Esse quadro formal de garantias constitucionais do trabalhador, em solo brasileiro, incomoda, sobremodo, as elites privilegiadas do mercado financeiro e empresarial, que, sob a inspiração egoísta e gananciosa do ideário neoliberal, provoca, a cada dia, efeitos catastróficos, em nosso meio social, a gerar o desemprego em círculos crescentes, a fome e o desespero das classes trabalhadoras, ante o olhar insensível dos órgãos governamentais.

A utopia capitalista deste final de século adquire dimensões globalizadas, sob o domínio das superpotências, responsáveis pelo genocídio social, no planeta, aumentando, assustadoramente, a fome, a violência e a criminalidade, nos campos gerais do desemprego e da exclusão social.

Nesse contexto de miséria global, o Brasil bate record de fome, no limiar do Terceiro Milênio, onde os jornais de abril deste ano, já noticiam, em melancólico exemplo, que "cerca de 700 pessoas famintas saquearam a Central de Abastecimento de Pernambuco (CEAGEPE) e o depósito de merenda escolar em Afogados da Ingazeira, no sertão pernambucano, a 380 Km do Recife" (1), amparados, certamente, pelo estado de sobrevivência (excludente de criminalidade) a somar fileiras com os Sem-terra, os Sem-teto e os Sem-tudo, desesperançados.

O salário-mínimo de RS 130,00 (cento e trinta reais), por determinação das forças governistas-neoliberais, só patrocina e difunde o cenário de miséria, no País, a não mais permitir, na visão do poeta "que o pão encontre na boca o abraço de uma canção inventada no trabalho, mas a fome fatigada de um suor que corre em vão." (2)
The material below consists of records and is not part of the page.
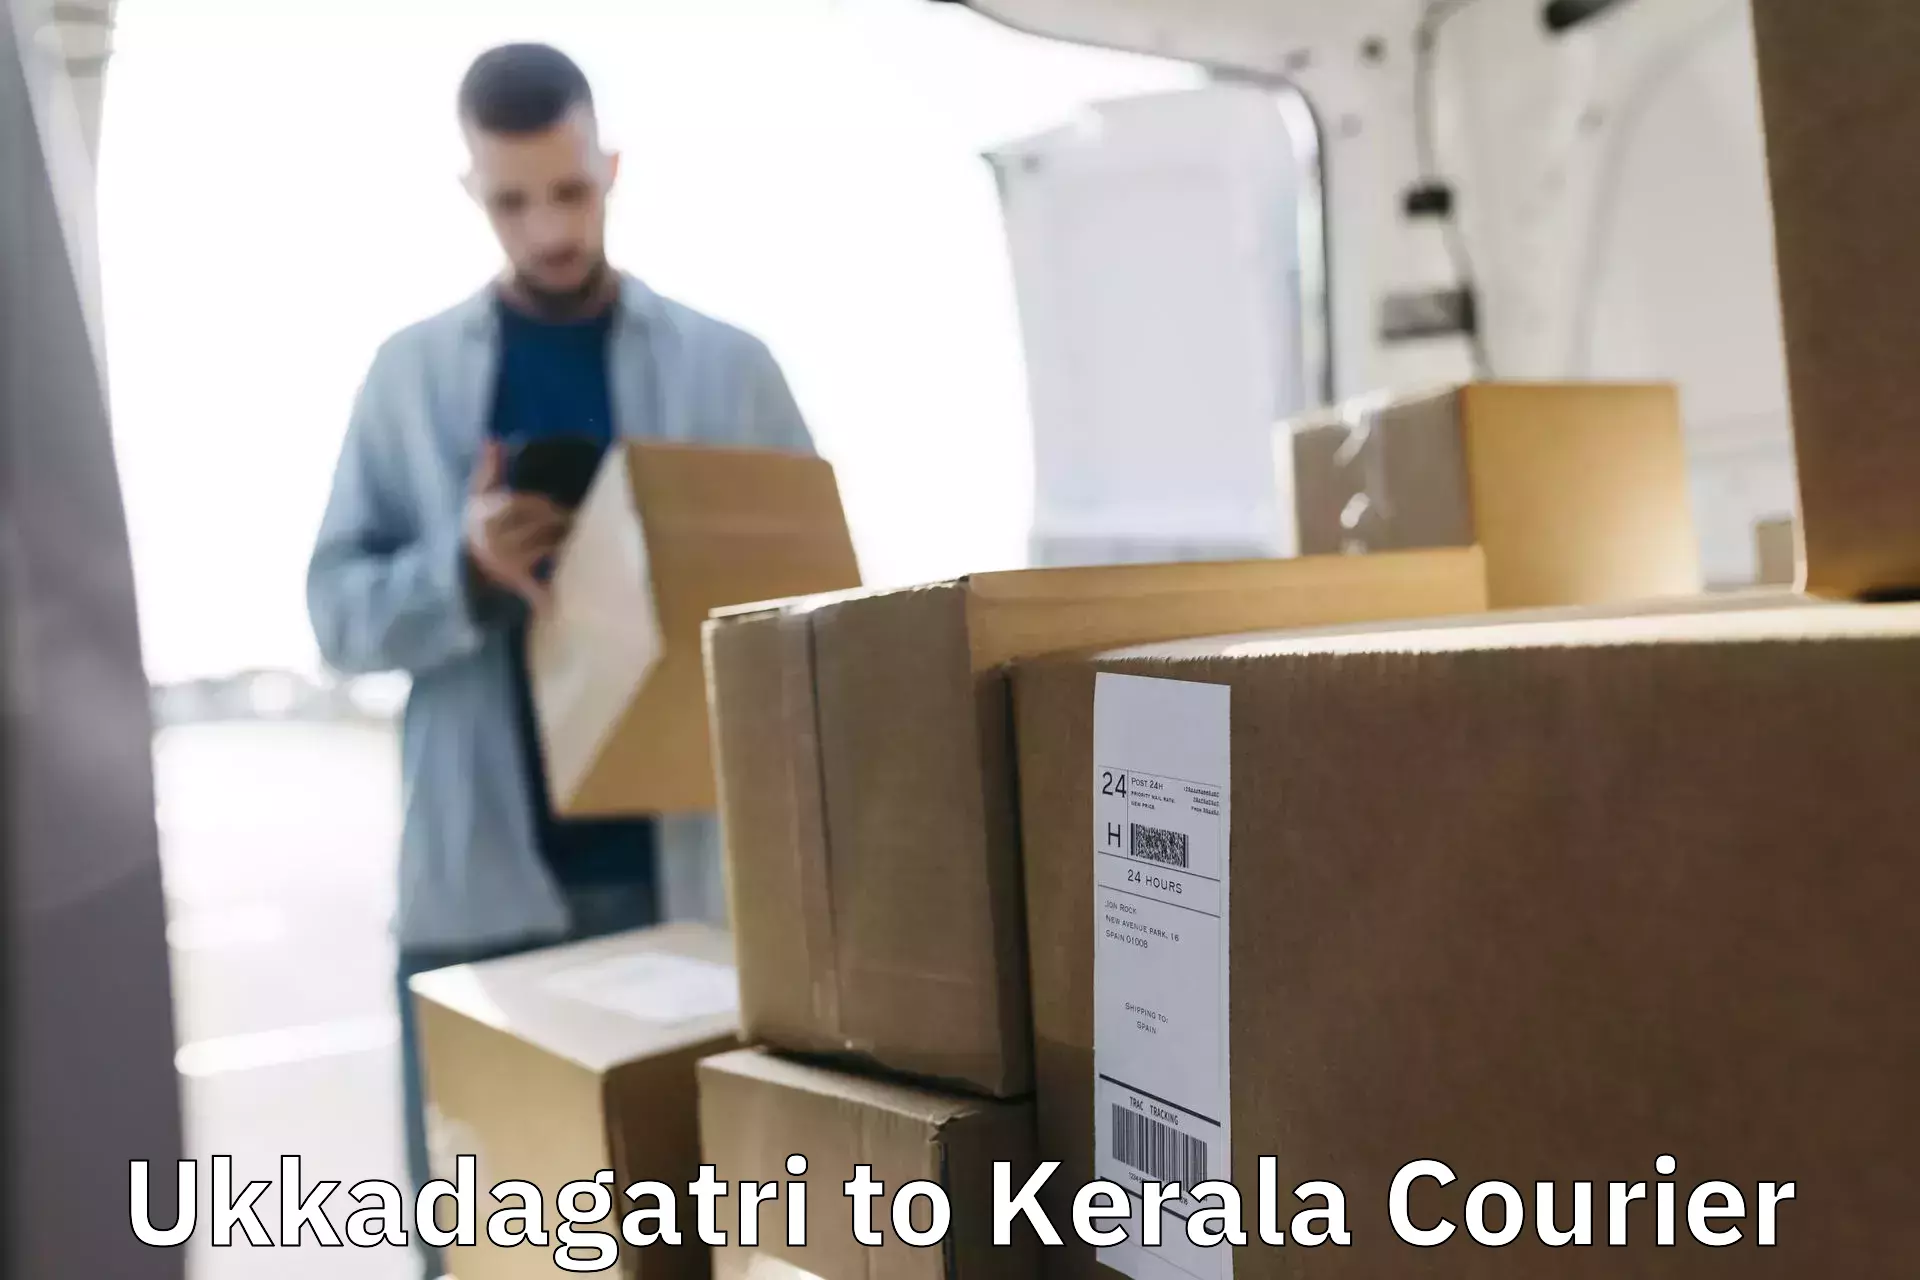 Reliable courier service Ukkadagatri to Kadanad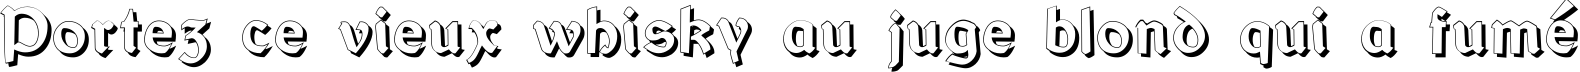 Пример написания шрифтом Bretagne Gaelic Shadow текста на французском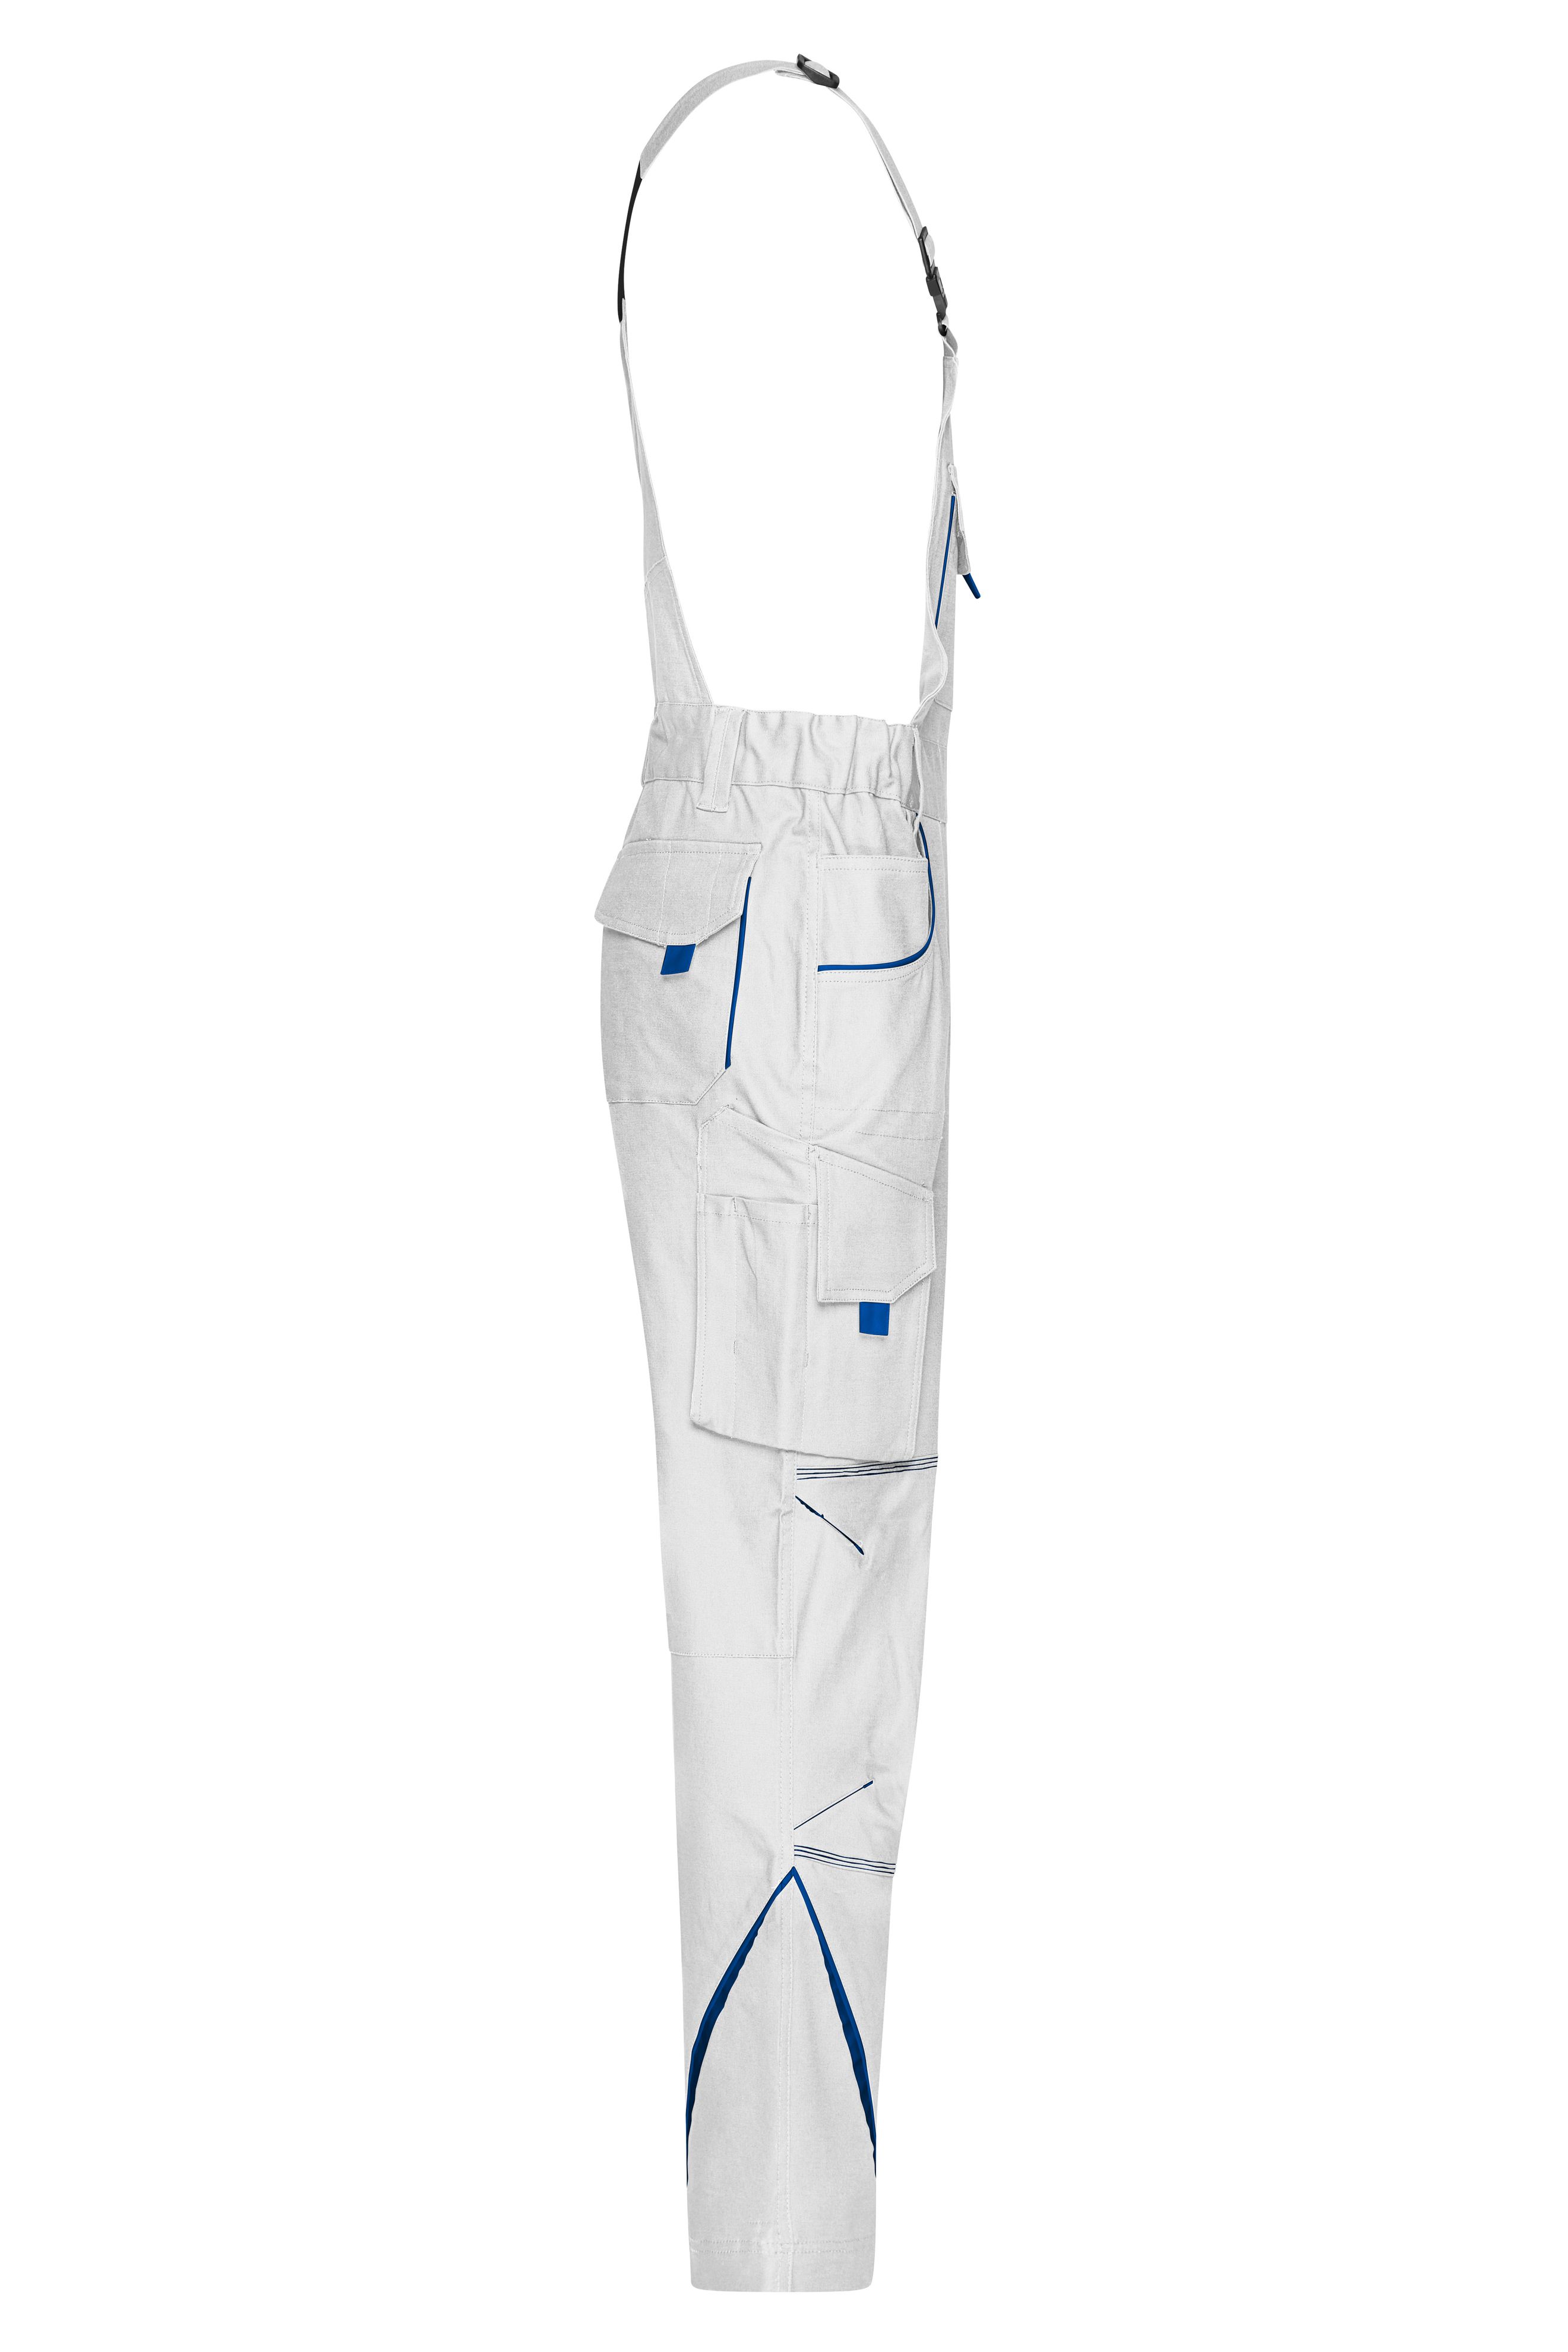 Workwear Pants with Bib - COLOR - JN848 Funktionelle Latzhose im sportlichen Look mit hochwertigen Details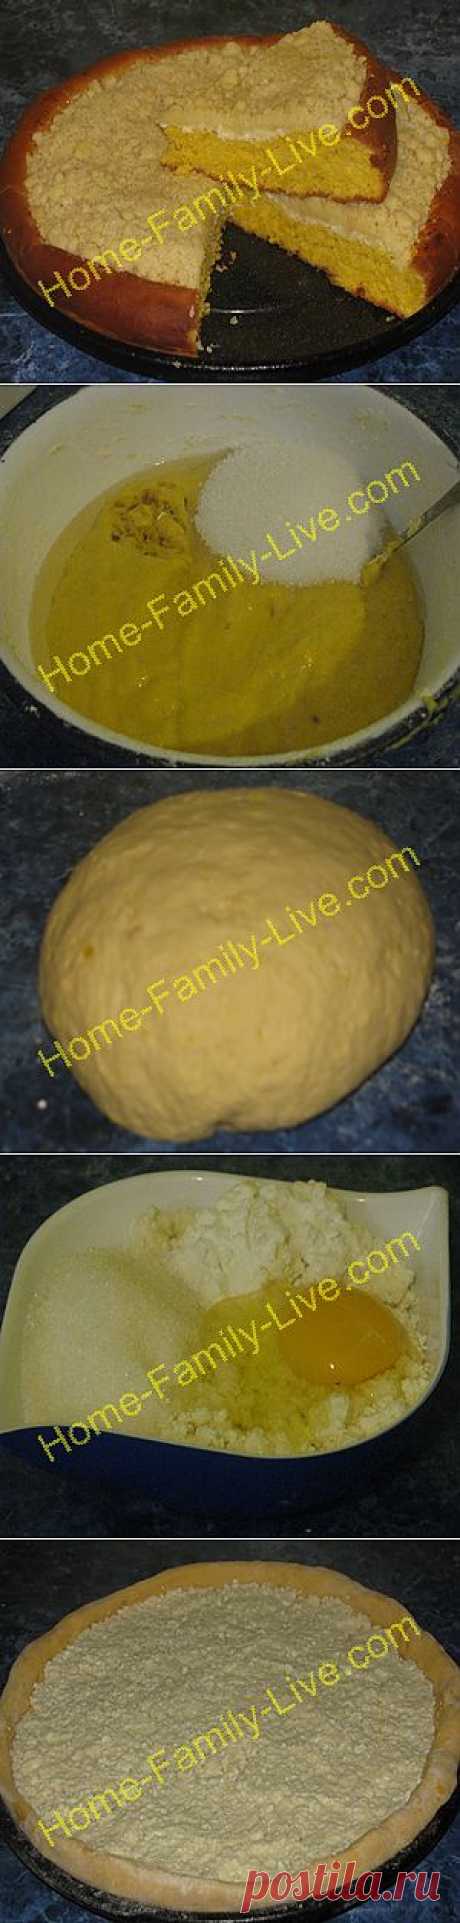 Кулинарные рецепты Пирог ватрушка -пошаговый фоторецепт - пирог из тыквенного теста

O salário-mínimo, no Brasil, em trágico paradoxo, aos que ainda têm emprego, nesse drama social, não pode "comprar um sonho", com tudo aquilo que fica daquilo que não ficou no bolso sempre cativo do pobre trabalhador, em flagrante agressão à alma do povo, à Constituição e aos princípios da Justiça Social.



NOTAS

(1) Correio Braziliense - Edição de 17 de abril de 1998, pág. 11.
(2) Mello, Thiago de - "Canto do Amor Armado" - Moraes Editores - Lisboa. 1974,pág. 62. Poema: "O pão de cada dia"

Autor

  • Antônio Souza Prudente

    Antônio Souza Prudente

    juiz do Tribunal Regional Federal da 1ª Região especialista em Direito Privado e Processo Civil pela USP e em Direito Processual Civil, pelo Conselho da Justiça Federal (CEJ/UnB), mestrando em Direito Público pela AEUDF/UFPE, Professor

    é também presidente-fundador da Associação dos Juízes Federais da 1ª Região (AJUFER), ex-procurador da República e ex-procurador da Fazenda Nacional.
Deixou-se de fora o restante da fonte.